Restate the listing below exactly, images excluded.

# Collected material
*** Block opens ***
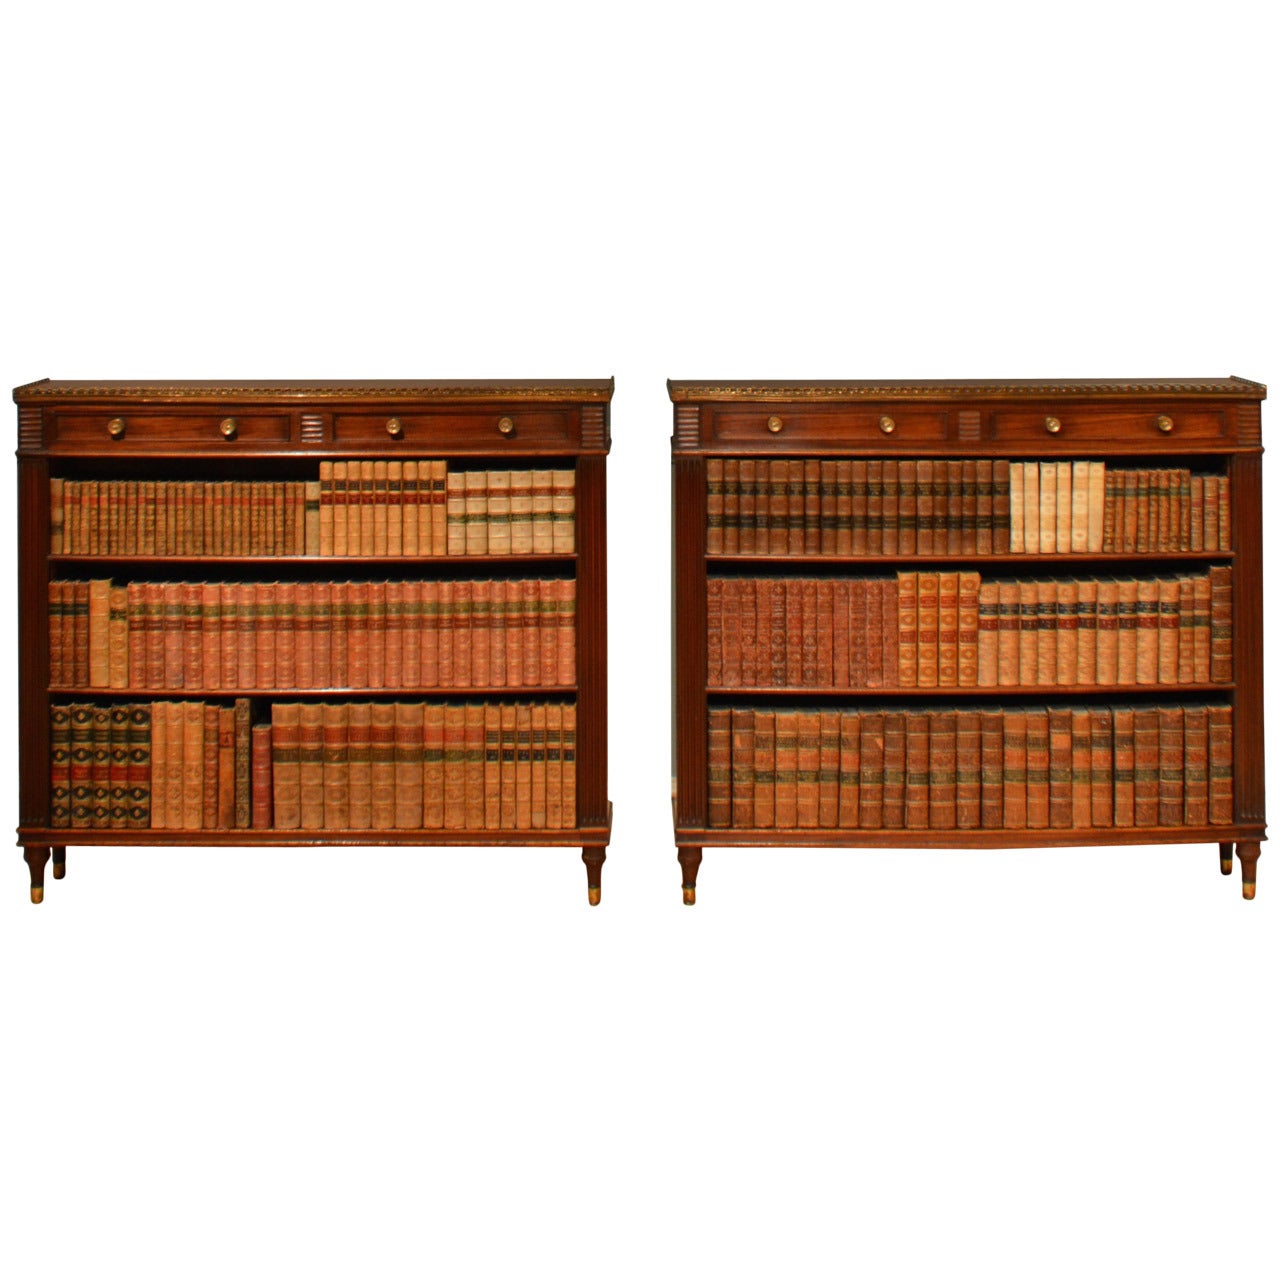 Pair of Early 19th Century Low Bookcases
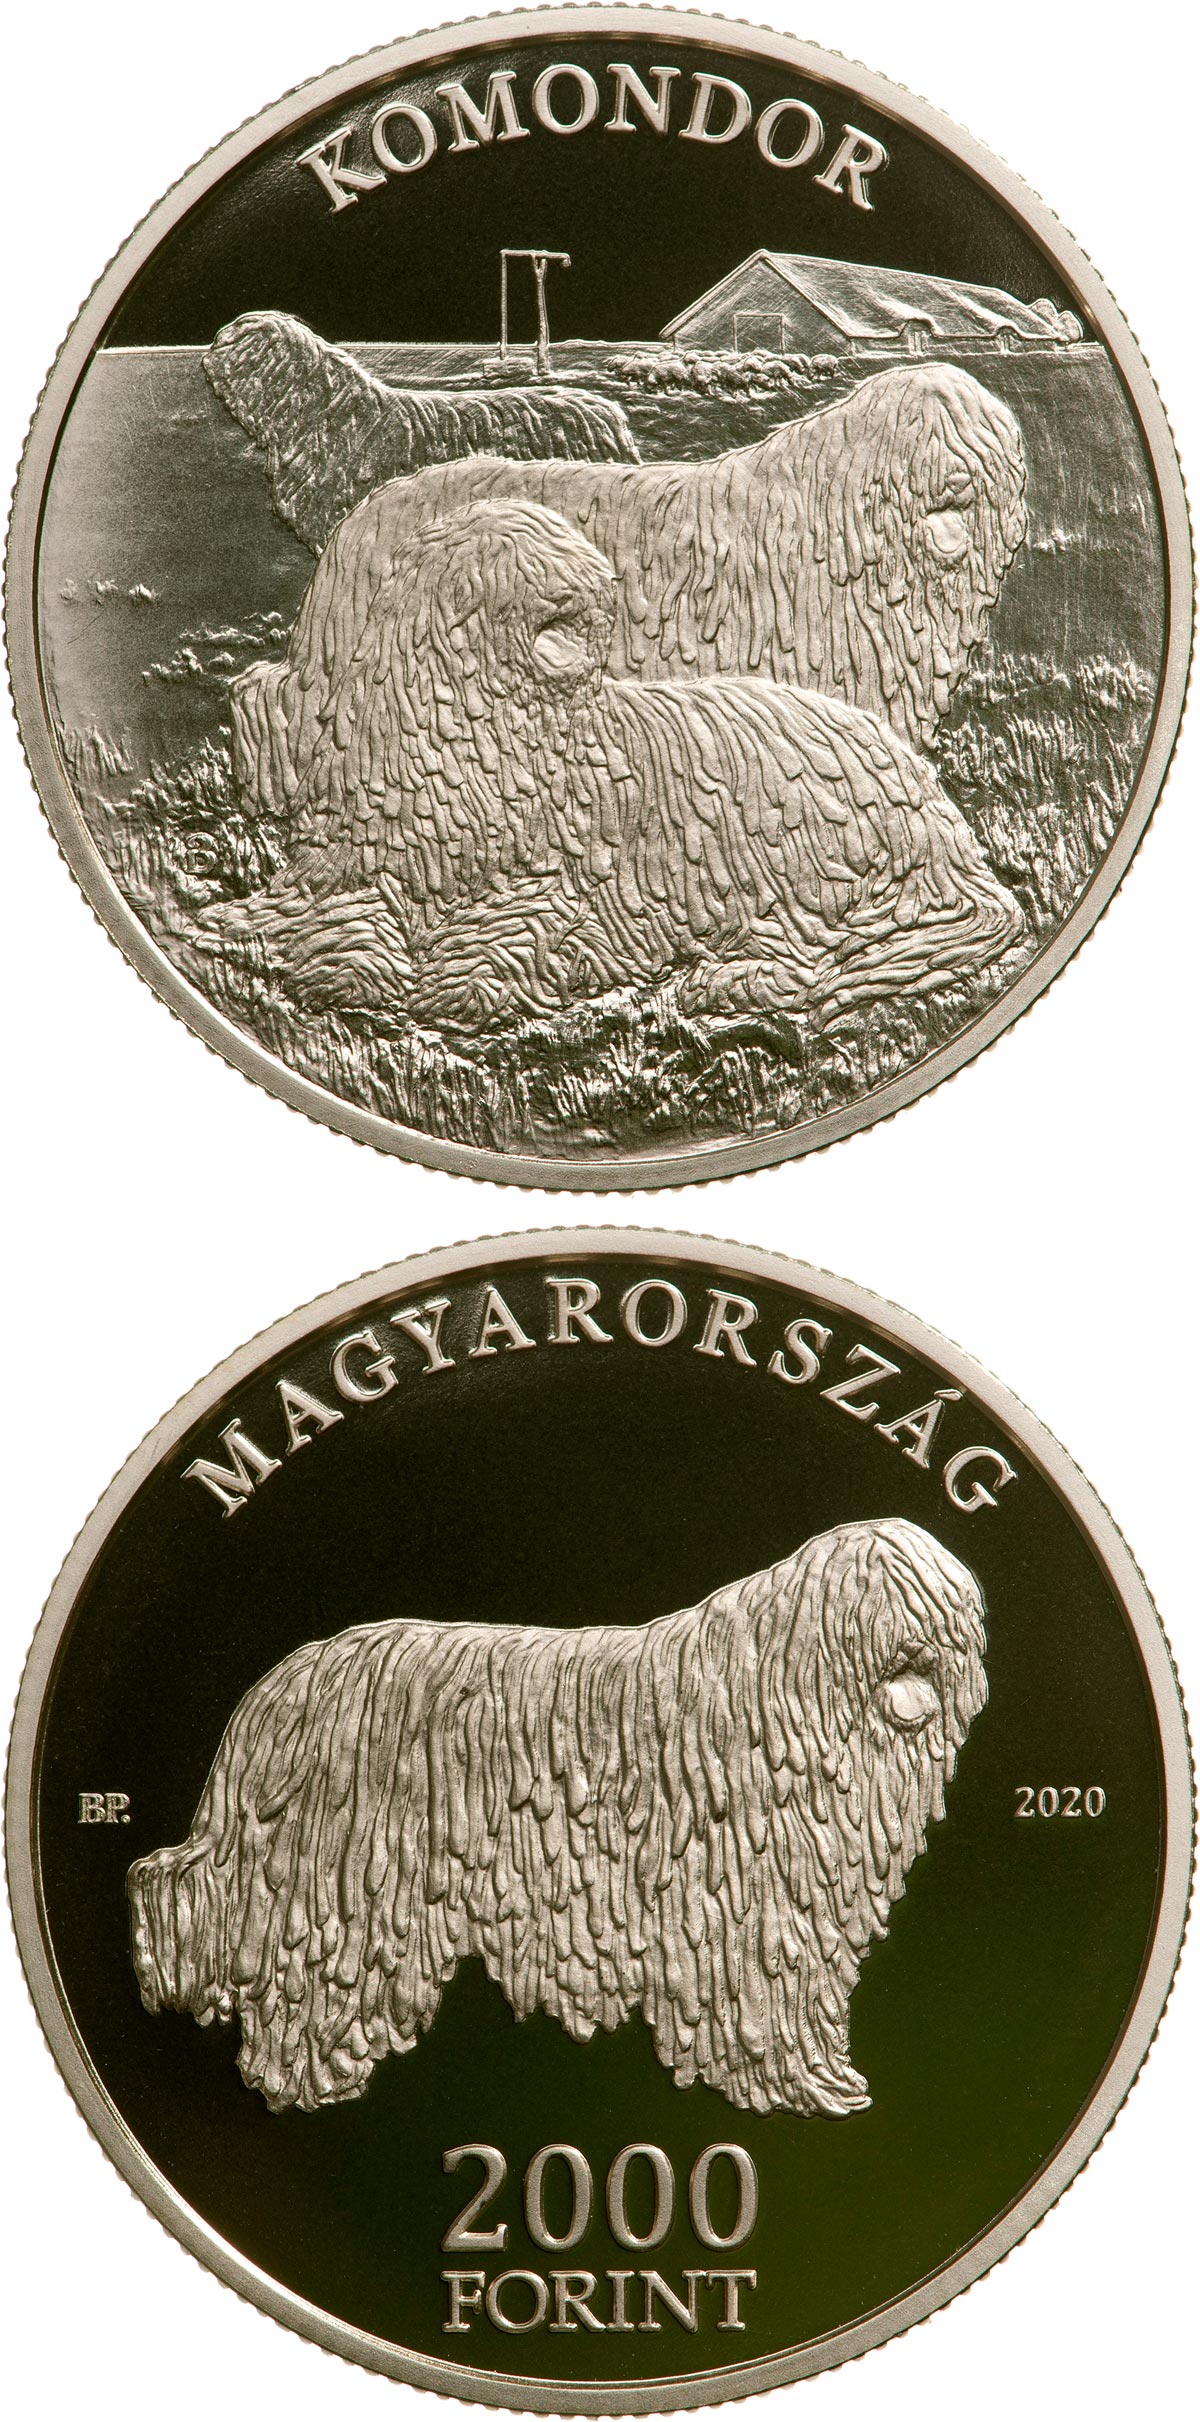 Image of 2000 forint coin - The Komondor | Hungary 2020.  The Brass coin is of proof-like quality.
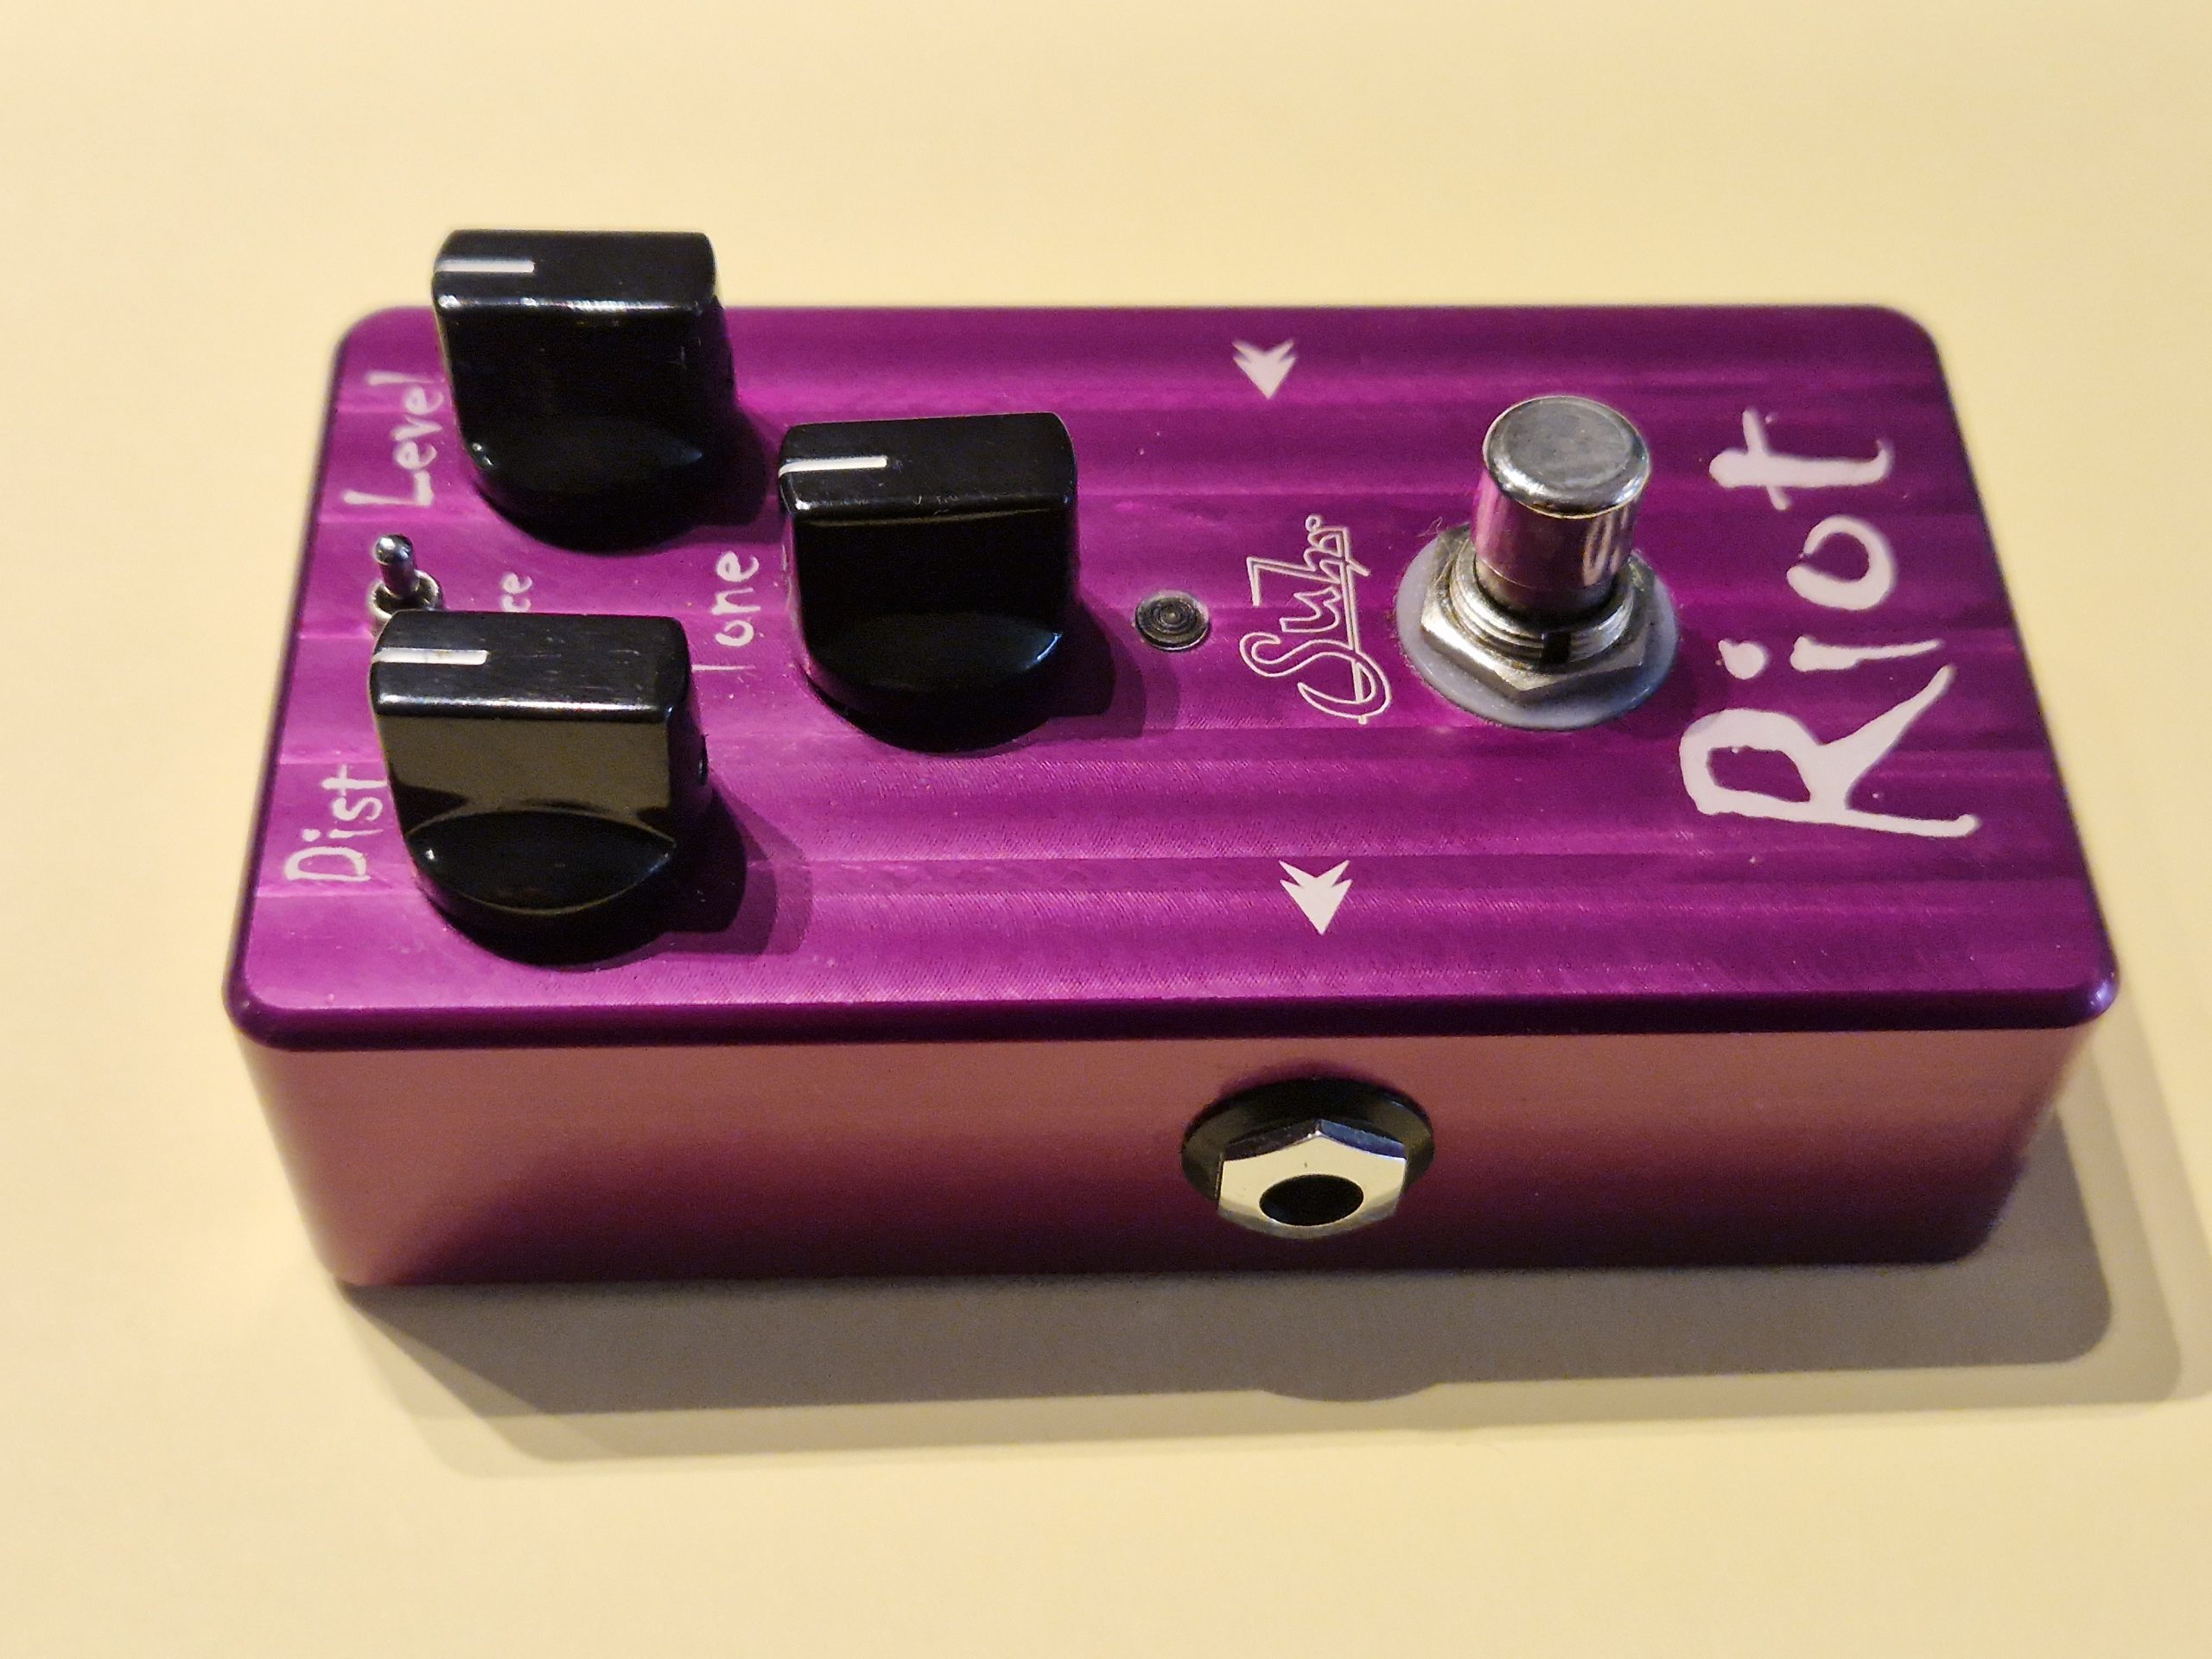 Suhr Riot - Effects Pedals
*** Block closes ***
# Response to the exercise
 Pair of Early 19th Century Low Bookcases
 Image of 2000 forint coin - The Komondor | Hungary 2020.  The Brass coin is of proof-like quality.
 Suhr Riot - Effects Pedals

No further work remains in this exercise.